TABELA Nº 20 – Percentagens relativas aos quadros orgânicos em tempo de paz das unidades de campanha da divisão tipo americano

Estado maior do QG 66%

Órgãos de transmissões das armas, Un de transmissões e de carros de combate 66%

Companhia de manutenção de material 50%

Órgãos de comando e unidades de engenharia 40%

Banda de música 100%

Restantes elementos 30 a 33%

Macedo 1984 e EME 1988

Verificou-se um aumento significativo nos efetivos exceto nas unidades de manobra e apoio de combate que mantiveram a mesma proporção.

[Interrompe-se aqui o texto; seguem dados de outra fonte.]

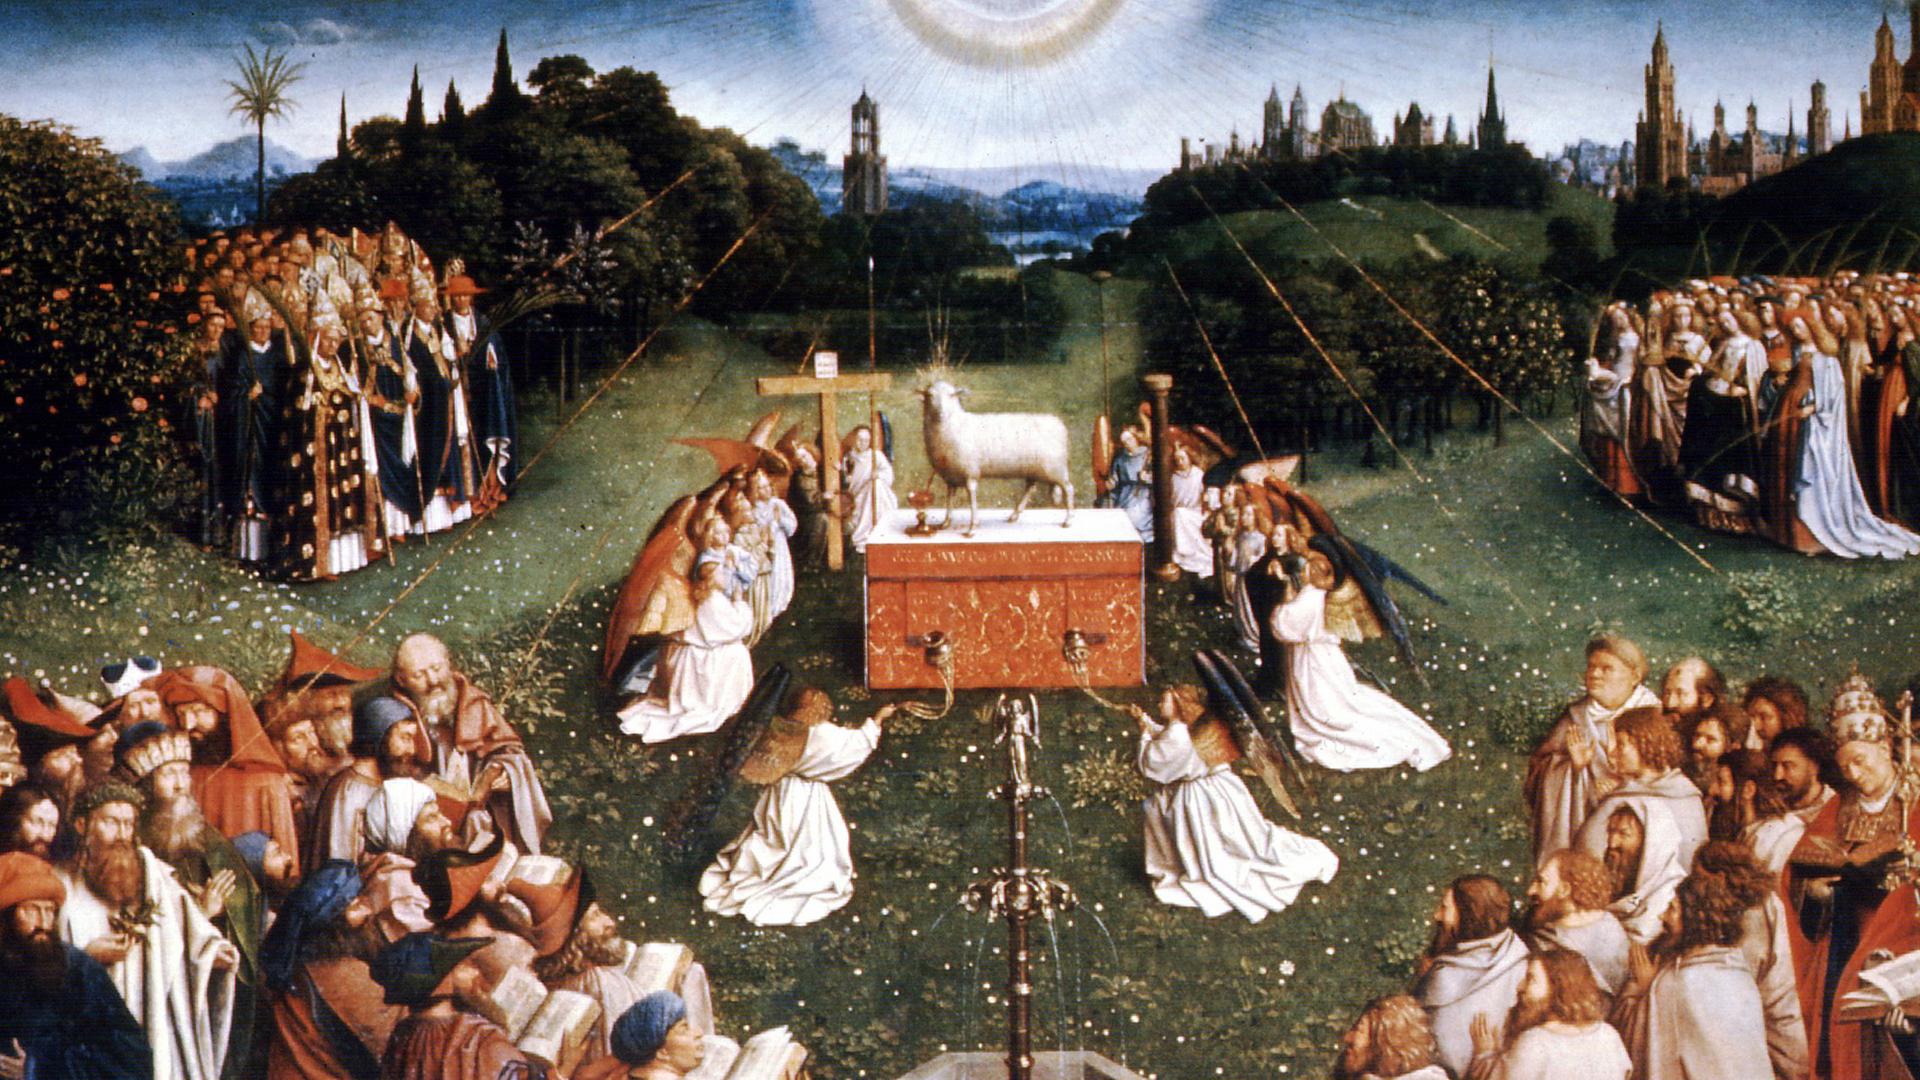 Der Mittelaltar im Genter Altar von Hubert und Jan van Eyck (Ausschnitt) zeigt die "Anbetung des Lammes" als Symbol für das Paradies in einer Frühlingslandschaft. Das Gemälde entstand um 1432.

A partir daquela data as unidades passaram a dispor um volume de forças em permanência direcionando a sua atividade unicamente na aquisição de competências operacionais. À tropa de defesa interna e às restantes forças foi-lhes

atribuído um efetivo mais reduzido corroborando com a orientação das prioridades para a 2ª divisão (tabela nº 21) [Macedo 1984: 133-134].

TABELA Nº 21 - Percentagens relativas à defesa interna e restantes forças

Tropa de defesa interna 25%

Restantes forças 20%

Macedo 1984 e 1988

O Exército tinha dado mais um passo em frente embora o processo ainda não se encontrasse suficientemente consolidado devido fundamentalmente à carência de algumas especialidades. As unidades passaram a saber quais os militares que deveriam formar anualmente e quais os que teriam de mobilizar para preencher os seus quadros orgânicos. A partir daquela data os encargos relativos à mobilização foram transferidos da 2ª para a 3ª divisão [Macedo 1984: 140].